## Assignment
Repeat exactly the lines of the records below, starting at the line containing "Дозатор жидкого мыла" and ending at the line containing "Dragon Ball Super". Leave the pictures out.

## Material supplied
%%

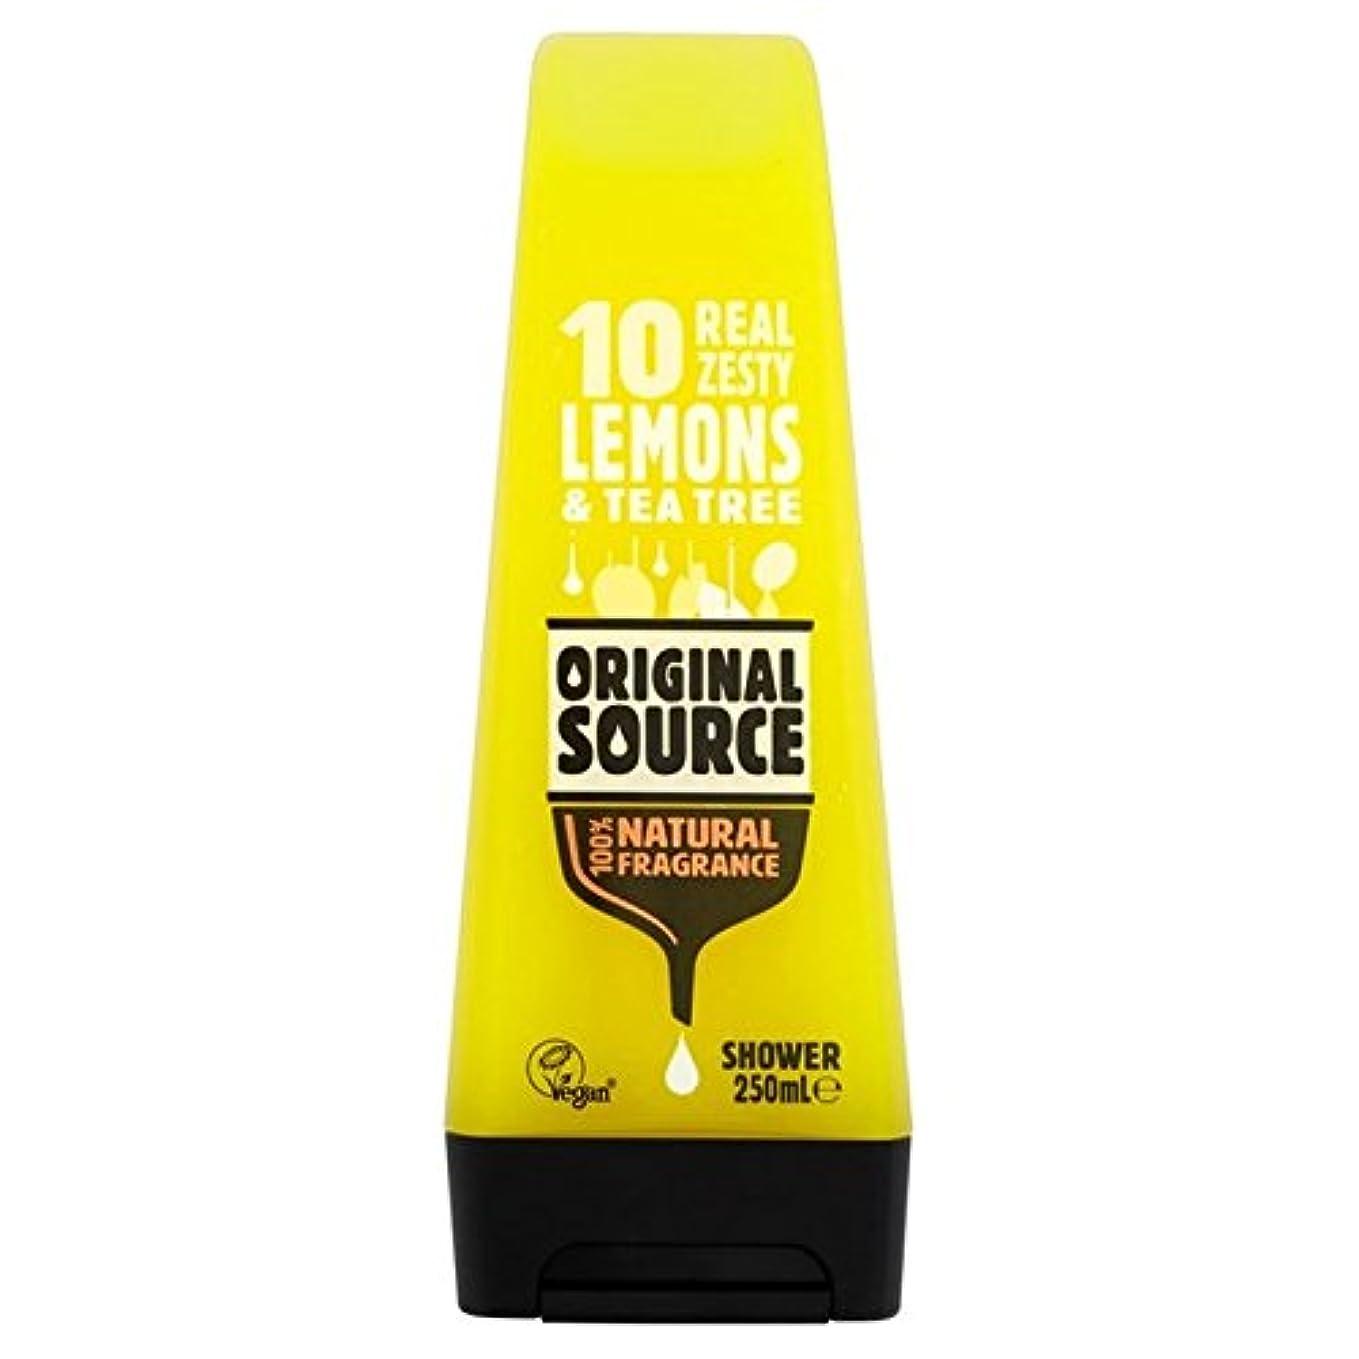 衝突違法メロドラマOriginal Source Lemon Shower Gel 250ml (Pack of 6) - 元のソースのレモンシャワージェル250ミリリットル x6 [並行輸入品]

%%
%%

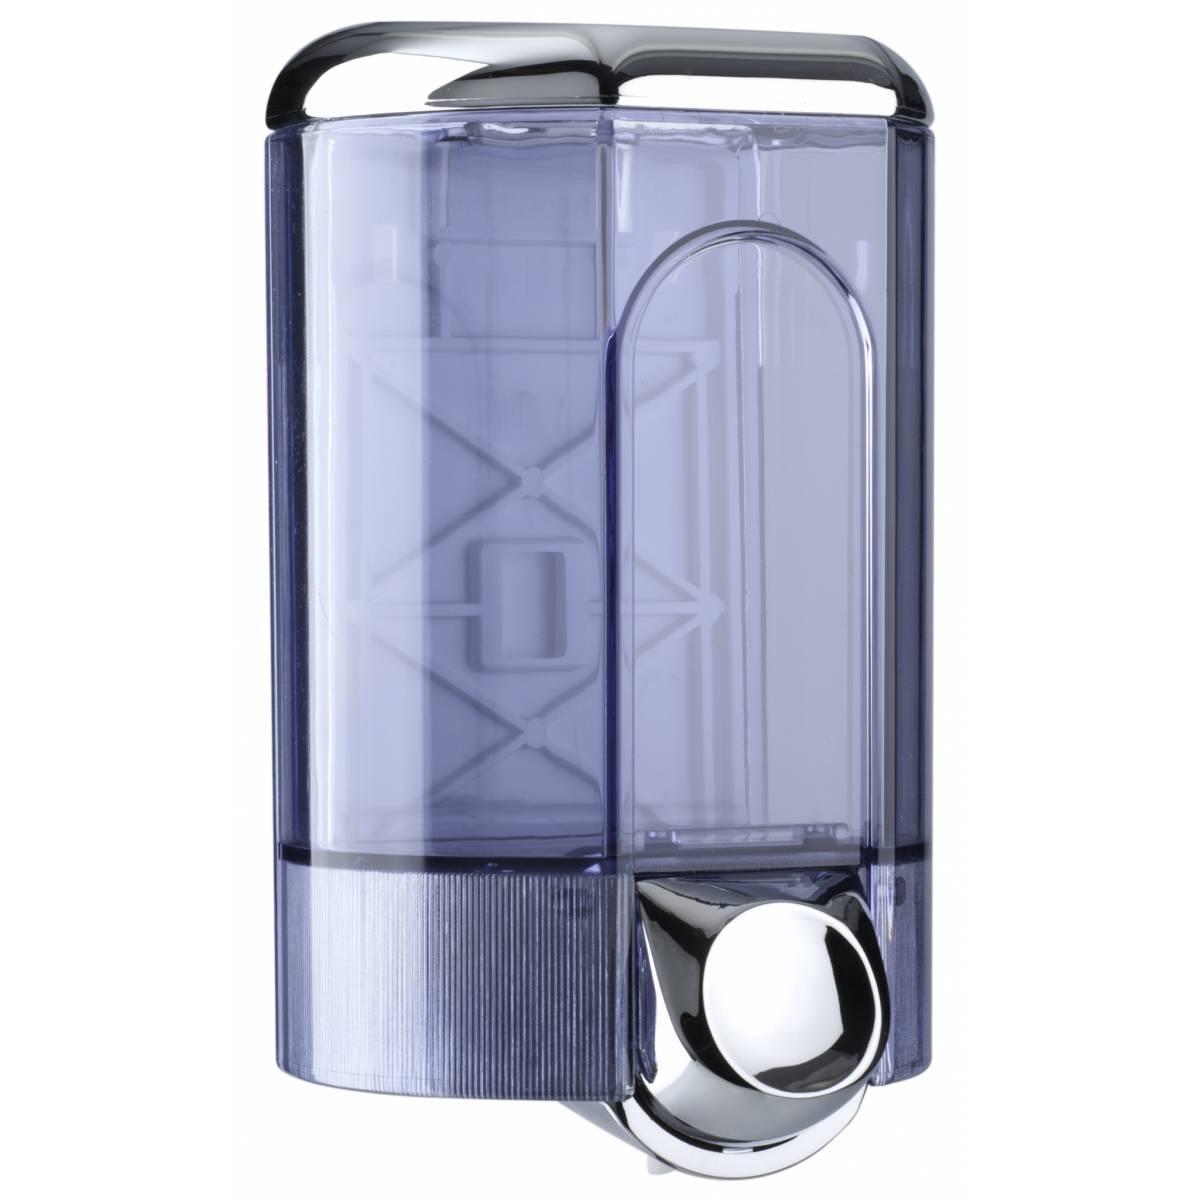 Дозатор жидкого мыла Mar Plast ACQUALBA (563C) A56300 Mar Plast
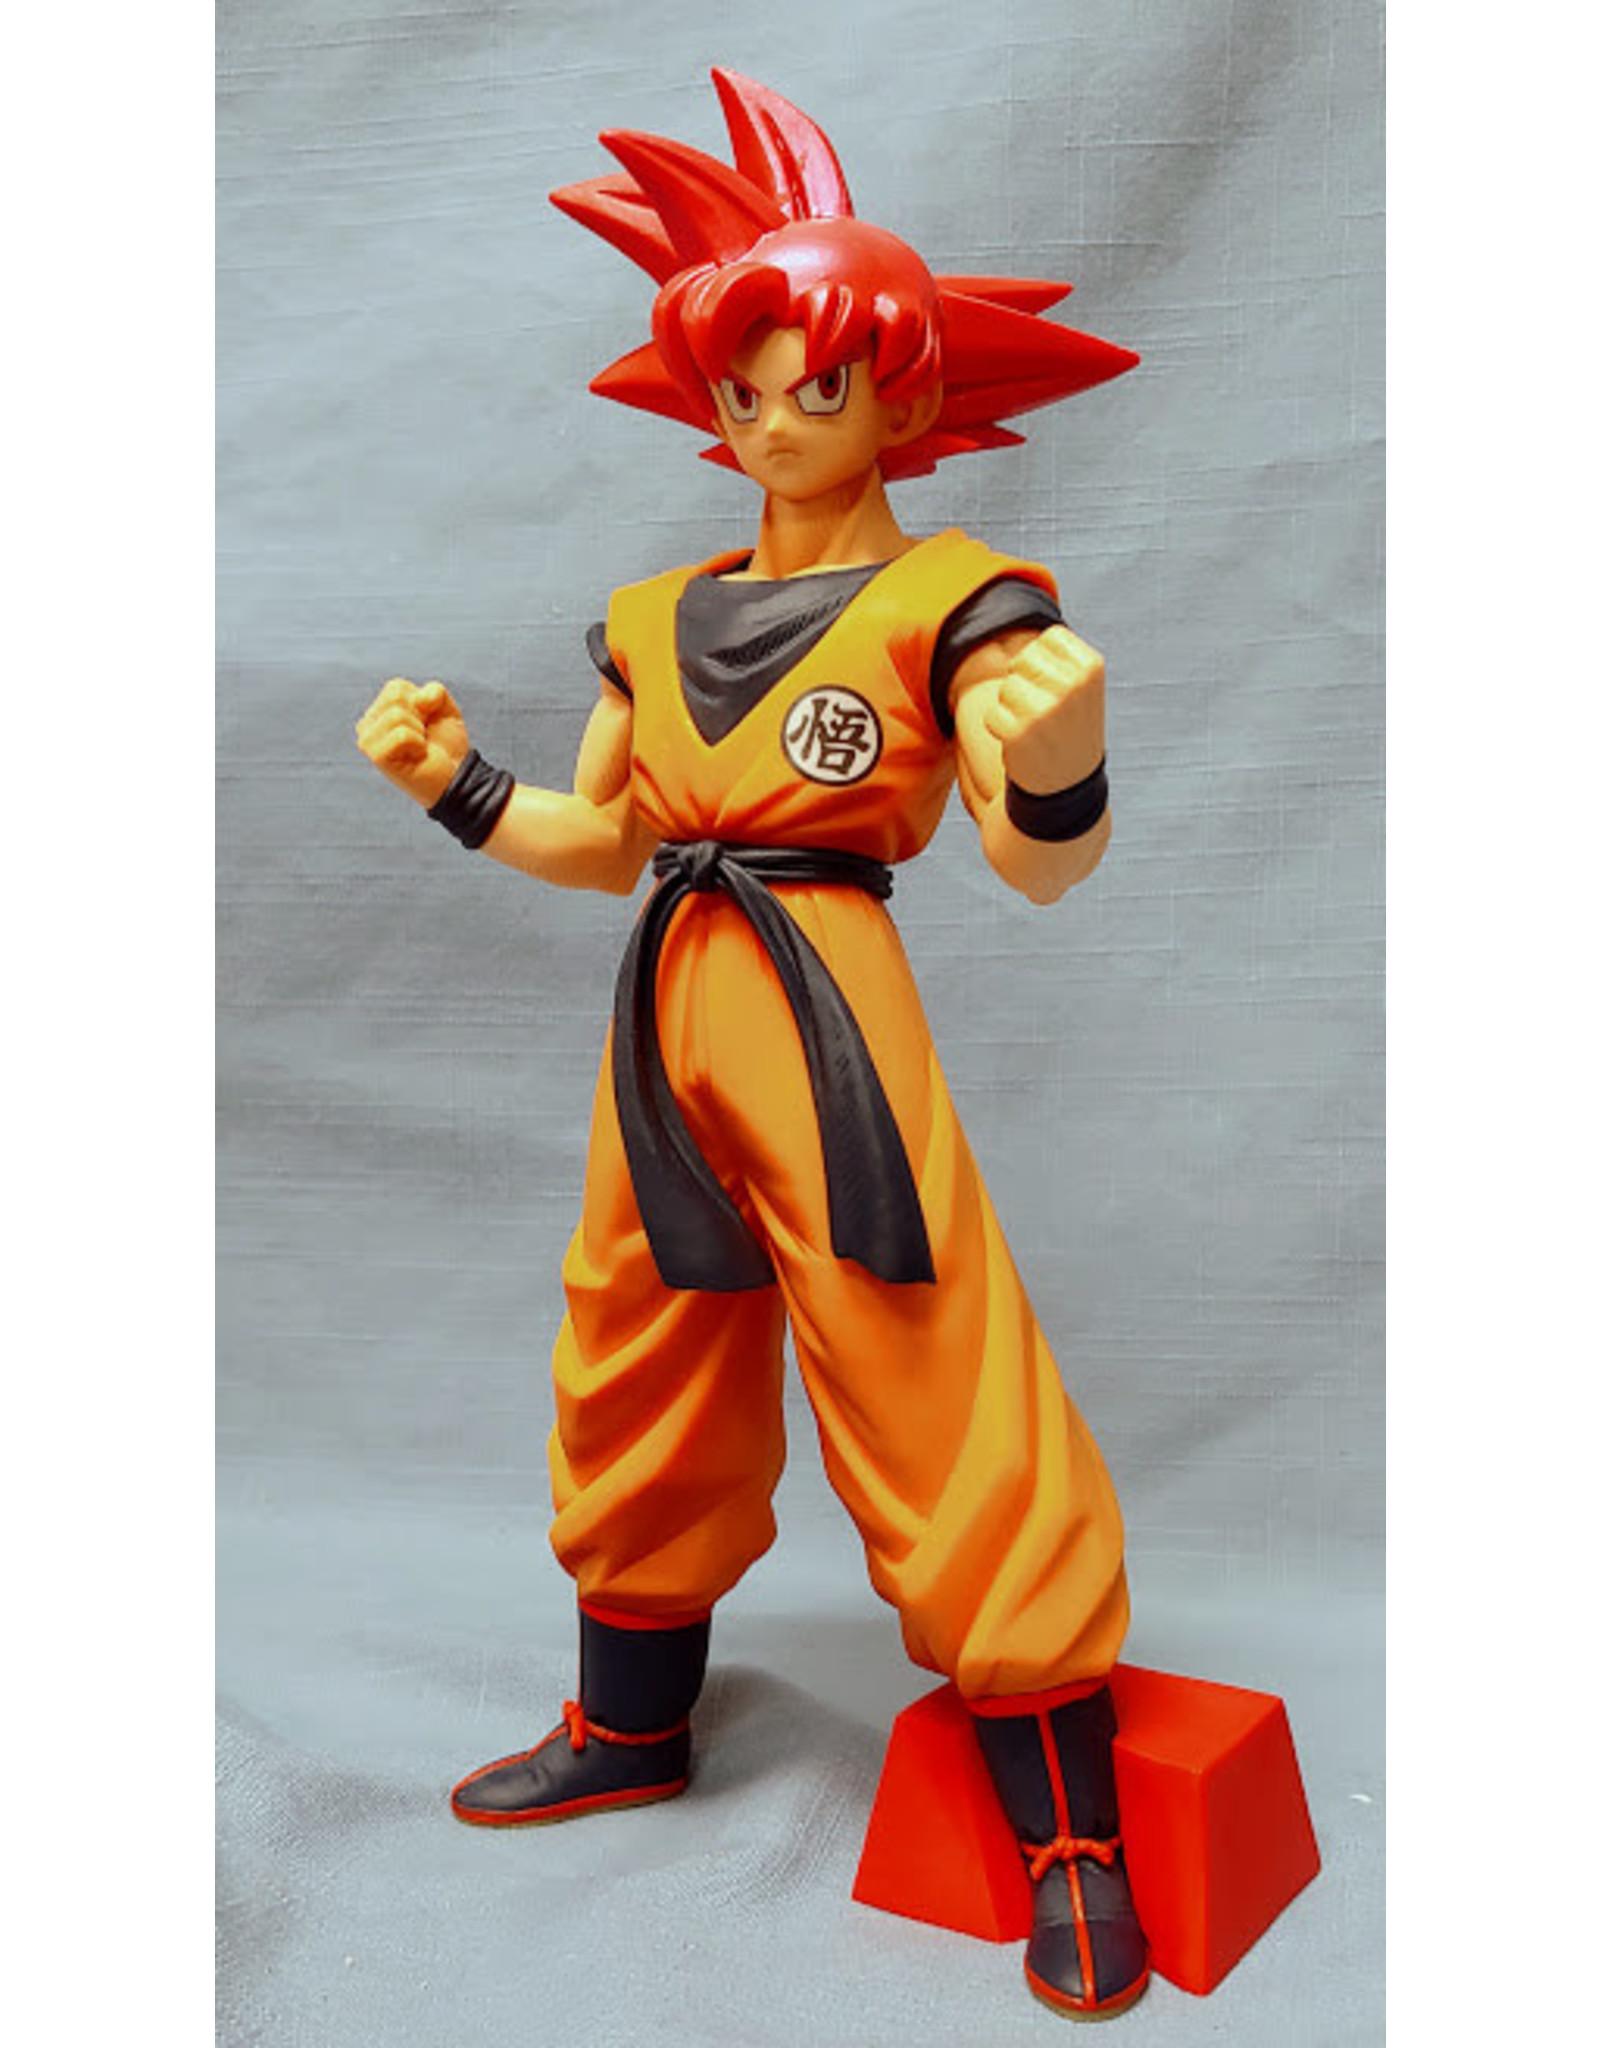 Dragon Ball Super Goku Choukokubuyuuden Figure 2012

%%

## Exercise result
 Дозатор жидкого мыла Mar Plast ACQUALBA (563C) A56300 Mar Plast
 Dragon Ball Super Goku Choukokubuyuuden Figure 2012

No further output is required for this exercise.